Recovering From Segment Failures

Recovering From Segment Failures

Segment host failures usually cause multiple segment failures: all primary or mirror segment instances on the host are marked as down and nonoperational. If mirroring is not enabled and a segment goes down, the system automatically becomes nonoperational.

A segment instance can fail for several reasons, such as a host failure, network failure, or disk failure. When a segment instance fails, its status is marked as down in the Greenplum Database system catalog, and its mirror is activated in change tracking mode. In order to bring the failed segment instance back into operation again, you must first correct the problem that made it fail in the first place, and then recover the segment instance in Greenplum Database using gprecoverseg.

If a segment host is not recoverable and you have lost one or more segment instances with mirroring enabled, you can attempt to recover a segment instance from its mirror. See When a segment host is not recoverable. You can also recreate your Greenplum Database system from backup files. See Backing Up and Restoring Databases.

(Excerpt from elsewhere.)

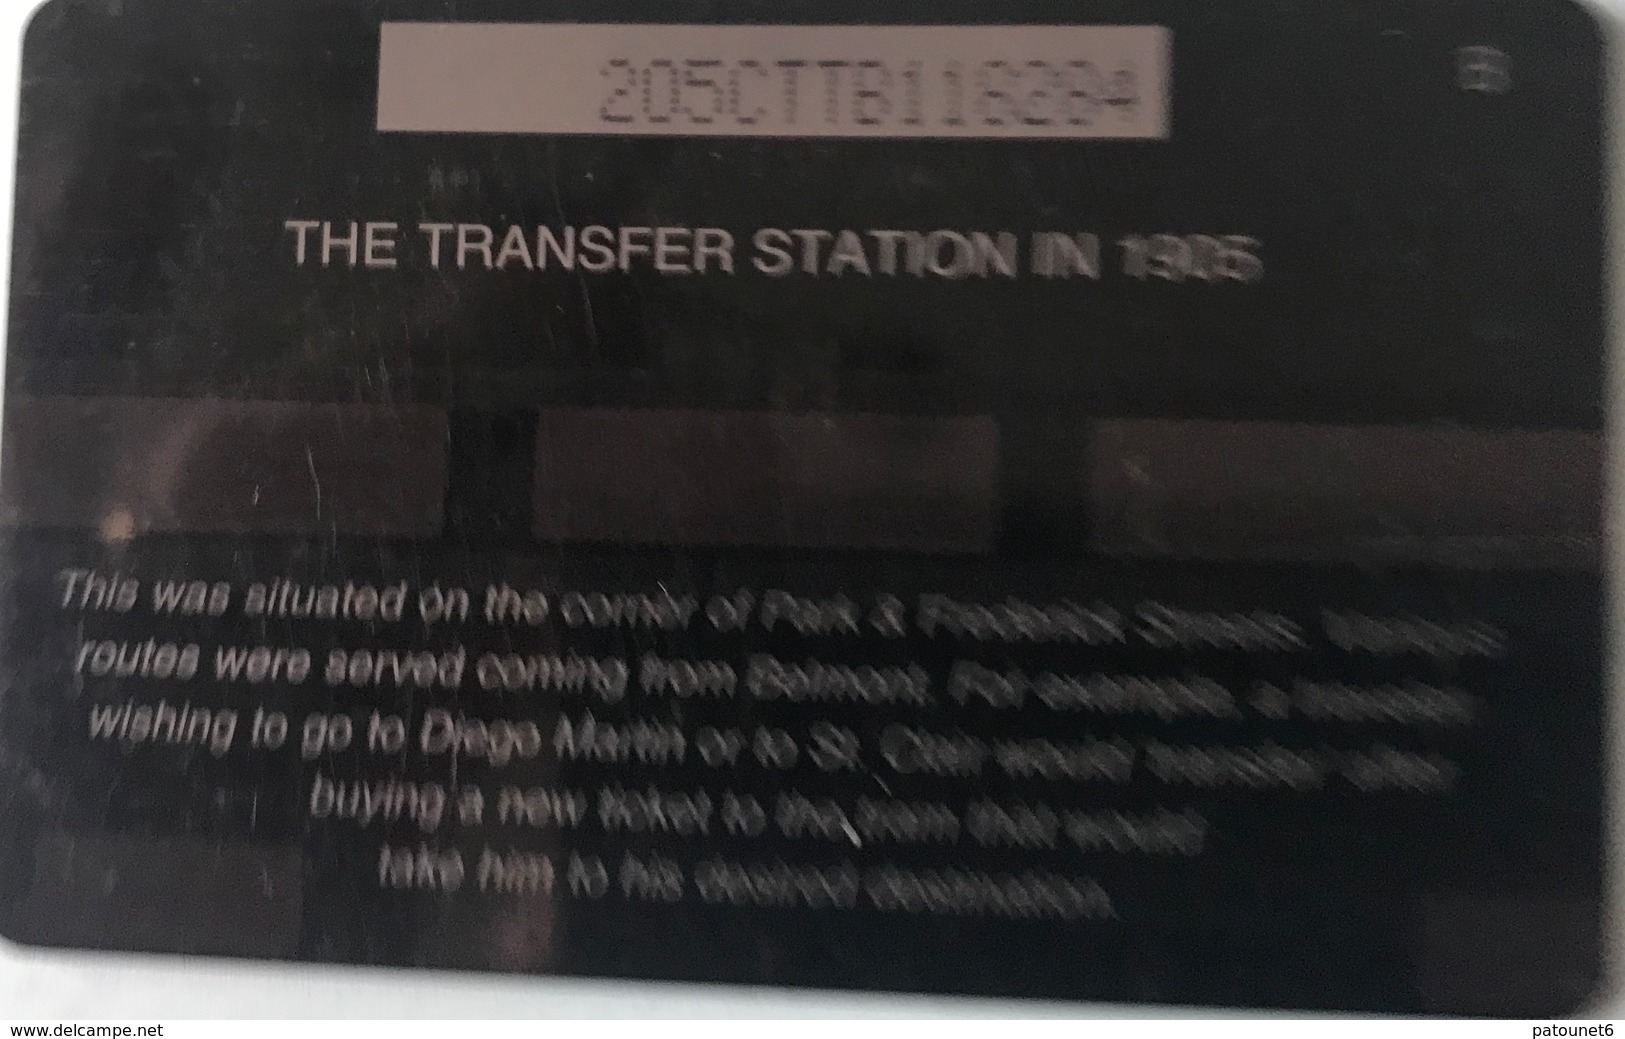 TRINITE & TOBAGO  -  Phonecard  - TSTT  -  The Transfer Station In 1905  -  TT $ 20 - Trinidad & Tobago

To recover with mirroring enabled

  1. Ensure you can connect to the segment host from the master host. For example:
    $ ping failed_seg_host_address
  2. Troubleshoot the problem that prevents the master host from connecting to the segment host. For example, the host machine may need to be restarted or replaced.
  3. After the host is online and you can connect to it, run the gprecoverseg utility from the master host to reactivate the failed segment instances and start the process of sycnronizing the master and mirror instances. For example:
    $ gprecoverseg
  4. The recovery process brings up the failed segments and identifies the changed files that need to be synchronized. The process can take some time; wait for the process to complete.
  5. After gprecoverseg completes, the system goes into Resynchronizing mode and begins copying the changed files. This process runs in the background while the system is online and accepting database requests.
  6. When the resynchronization process completes, the system state is Synchronized. Run the gpstate utility to verify the status of the resynchronization process:
    $ gpstate -m

To return all segments to their preferred role

When a primary segment instance goes down, the mirror activates and becomes the primary segment. After running gprecoverseg, the currently active segment instance remains the primary and the failed segment becomes the mirror. The segment instances are not returned to the preferred role that they were given at system initialization time. This means that the system could be in a potentially unbalanced state if segment hosts have more active segments than is optimal for top system performance. To check for unbalanced segments and rebalance the system, run:

$ gpstate -e

All segments must be online and fully synchronized to rebalance the system. Database sessions remain connected during rebalancing, but queries in progress are canceled and rolled back.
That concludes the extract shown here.